With athletes starting off at such a young age, Powell said that success - and what he taught at the clinic - all comes down to basics.

“I’ve listened to professional athletes like Kobe Bryant and it comes down to things like dribbling, shooting foul shots and things like that, and lacrosse is certainly no different,” Powell said. “It’s about passing, catching and I always tell them to look at me: I’ve always been successful, I’ve won the MVP trophy a couple of times in the professional league and I’m not the biggest guy, I’m not the fastest, I’ve never been the quickest or the strongest but here I am being able to be very successful in the game because of the hours I spent playing up against a brick wall and throwing the ball out in the backyard with my brothers and things like that.”

Those basics were what McGann said he covers with his youth players, and that having the instruction and presence of a figure like Powell may just inspire one of his Oro Valley Warriors to one day become professionals themselves one day.

Athletes who decide to stick with the sport have the opportunity to do so while playing with the same organizations through the end of high school. While many sports are offered at high schools, athletes interested in lacrosse must look to club play. According to McGann, the lack of traditional, school-based teams is due to the sport being relatively new in the region, as well as the cost to fund, equip and train a team. Though play is based around the club teams, McGann said that isn’t necessarily a bad thing.

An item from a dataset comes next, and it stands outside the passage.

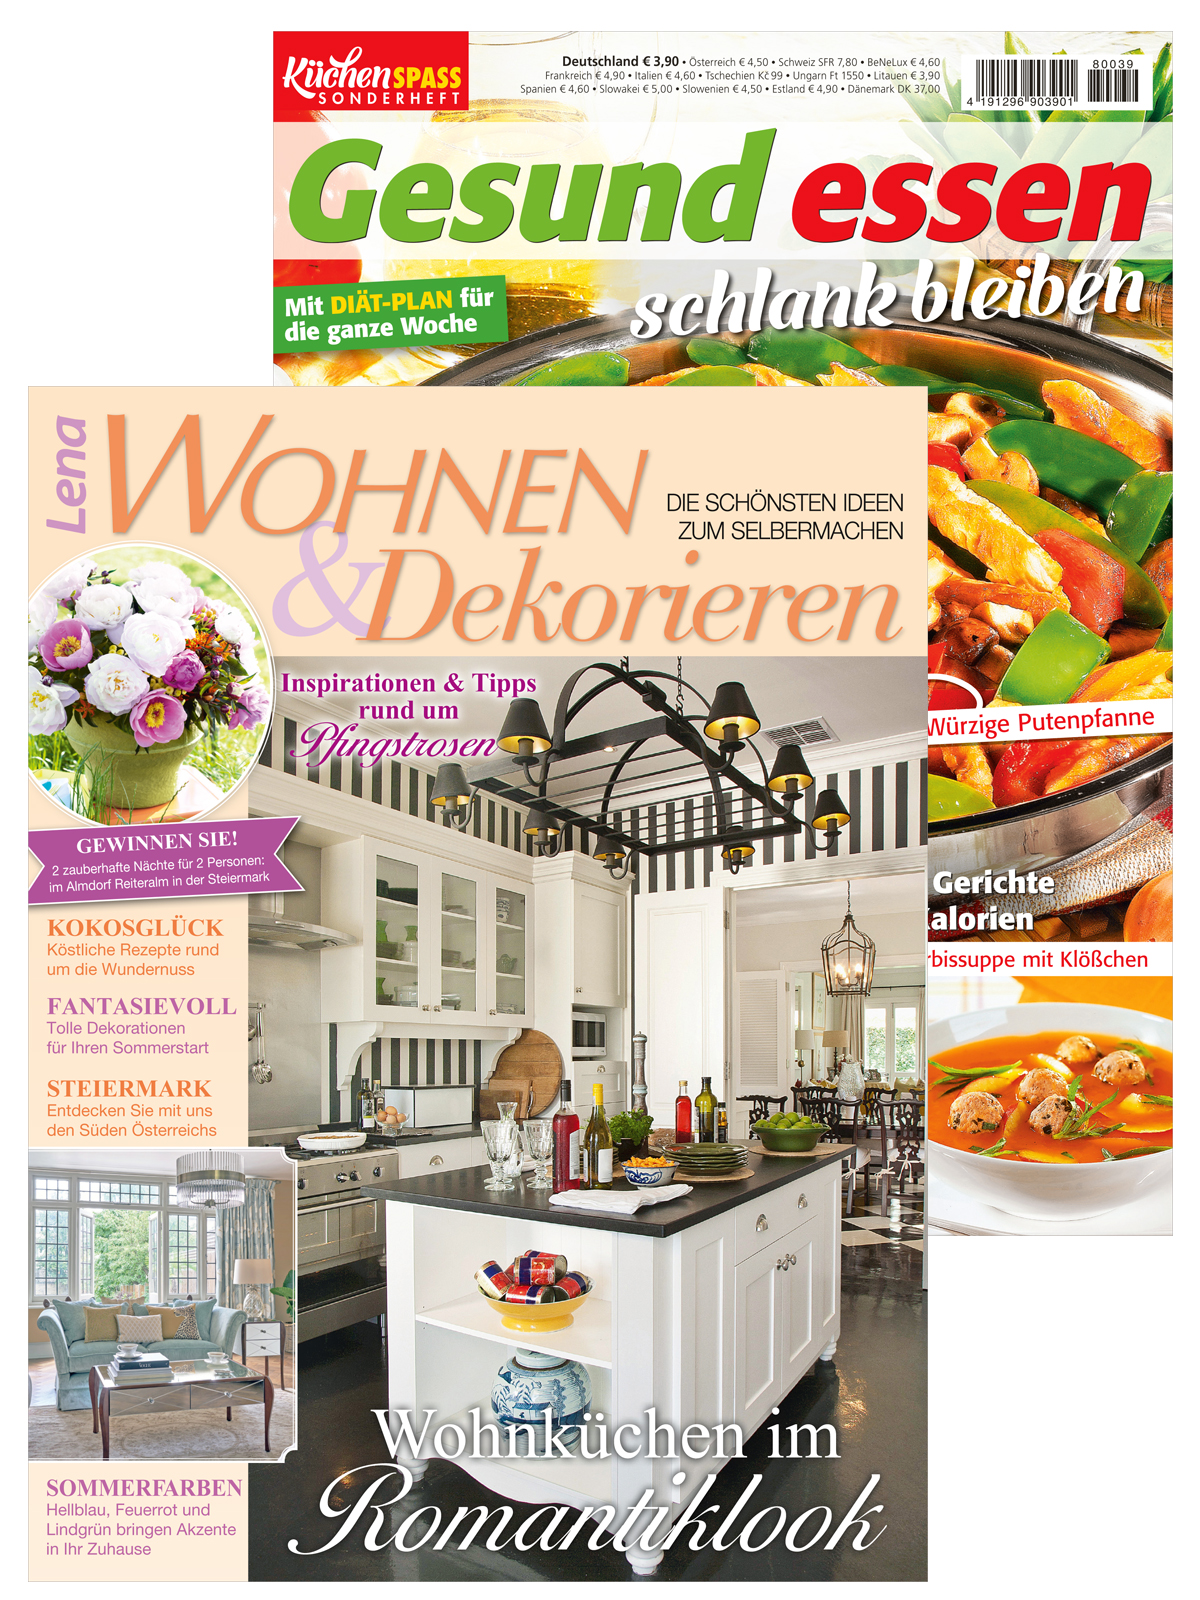 Zwei Zeitschriften: Lena Wohnen & Dekorieren Nr. 3/2018 und Gesund essen - schlank bleiben

“It could happen, but I don’t see it happening in the near future,” he said when asked if he saw schools picking up the sport in the future. “What has been done in Arizona, though, is both at the junior high school and high school level is that there are clubs and if you live in or attend school in that area then you can play for that club. It’s trying to keep the community and community-based teams grow together instead of having kids coming from opposite sides of town and building some kind of an all-star team and having no one else exposed to the game.”

Whether a six-year-old just learning how to hold their stick and throw a ball or a high school-aged athlete looking to impress a college scout, McGann said he sees a bright future for the Oro Valley Lacrosse Club.

Looking forward, McGann also said that even more tournament action could one day be commonplace at Naranja Park, as the town is currently planning to install two more multi-purpose fields at the park site, something the club greatly supports. With the additional space, McGann said the team could then host what he referred to as “mini jamborees,” at which even more teams from across Arizona would come to town and face off against one another.

“That would be one of our motivations for having them expand the fields up here; we could bring in folks every weekend to have tournaments like this,” McGann said.